Like cancer cells, photoreceptors display a high glycolytic flux and produce lactate despite the presence of oxygen (the Warburg effect). This phenomenon is dependent on lactate dehydrogenase (LDH), which comprises subunits LDHA and LDHB; LDHA predominates in glycolytically active cells. To our knowledge, cell-specific localization of LDHA and LDHB in the mammalian retina has not been reported. A related phenomenon in cancer cells is the ability to utilize glycolytic intermediates for biomass production rather than energy production, a property known as the "metabolic budget system". The molecular switch serving this function is an isoenzyme of pyruvate kinase (PK), known as PKM2. In this study we determine the expression and localization of PK and LDH isoenzymes in mammalian retina and make comparisons with the brain.

 
Methods
 

Single- and double-labeling immunohistochemistry and Western blotting for PKM2, pyruvate kinase M1 (PKM1), LDHA, and lactate dehydrogenase B (LDHB) were performed on retinal and brain sections from C57BL/6 mice, Sprague-Dawley rats and marmosets.
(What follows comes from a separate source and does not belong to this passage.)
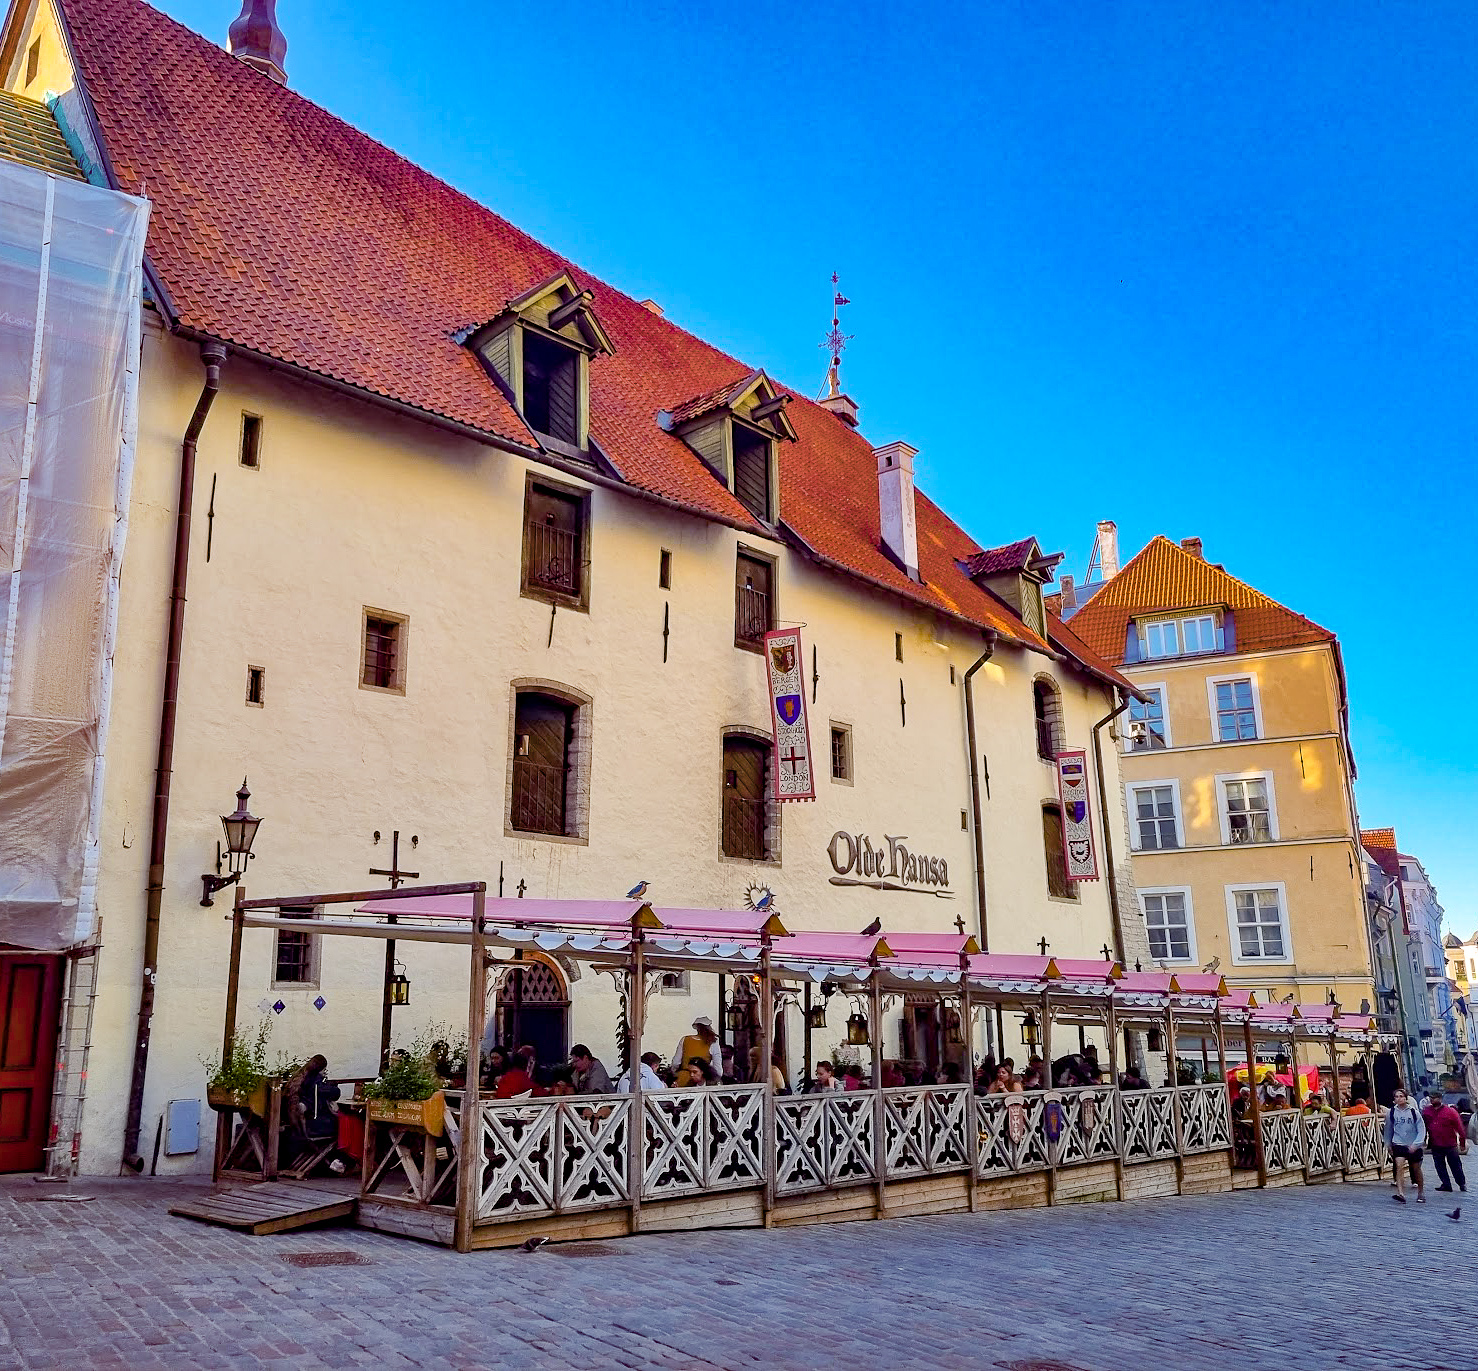 The Best Medieval Restaurant in Tallinn - Olde Hansa Review
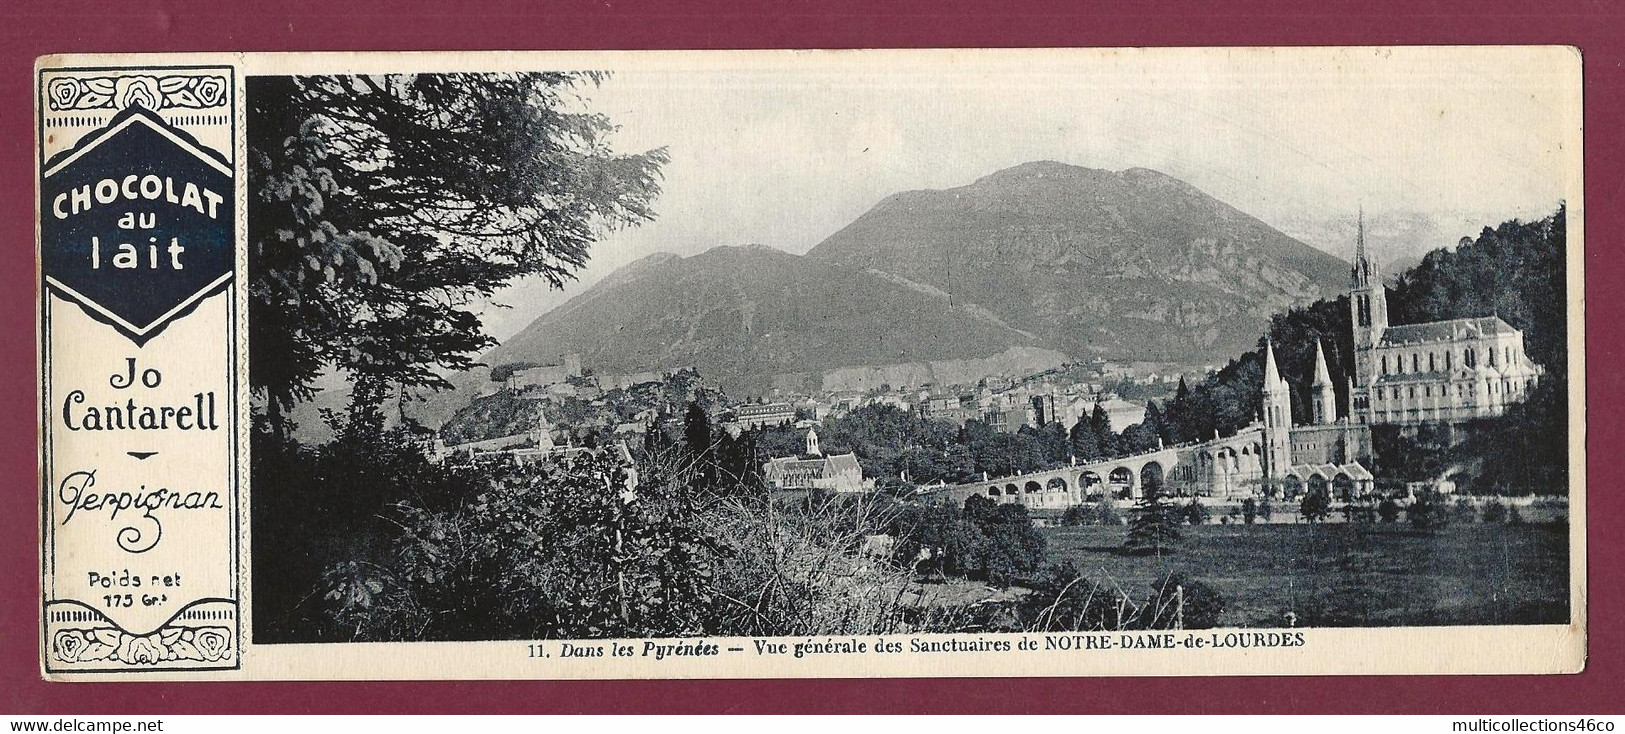 170222A - PUBLICITE CHOCOLAT AU LAIT JO CANTARELL PERPIGNAN - N°11 Pyrénées Sanctuaire NOTRE DAME DE LOURDES - Chocolate

Several commercially available antibodies were studied and optimized. PKM2 mRNA was quantified in rodent retina and brain using qPCR.

 
Results
 

PKM2 was localized to glial cells and photoreceptors in the retina of all 3 species, whereas it was exclusively glial in the brain. PKM1 was confined to neurons in the retina and brain. LDHA was principally found in photoreceptors, whereas LDHB was principally in the inner retina. The presence of high levels of PKM2 and LDHA in the retina was confirmed on Western blotting. There was a 6 to 9-fold greater expression of PKM2 mRNA in the rodent retina compared to brain.

 
Conclusions
 

The mammalian photoreceptors contain PKM2 and LDHA. This is consistent with their known high glycolytic rate and provides circumstantial evidence for the presence of a metabolic budget system involving glycolytic intermediates in opsin synthesis.  

 
Pyruvate kinase M2 (PKM2) immunostaining in the marmoset retina. The photoreceptors (PR) stain intensively. Müller cells also stain (arrow).
 
Pyruvate kinase M2 (PKM2) immunostaining in the marmoset retina. The photoreceptors (PR) stain intensively. Müller cells also stain (arrow).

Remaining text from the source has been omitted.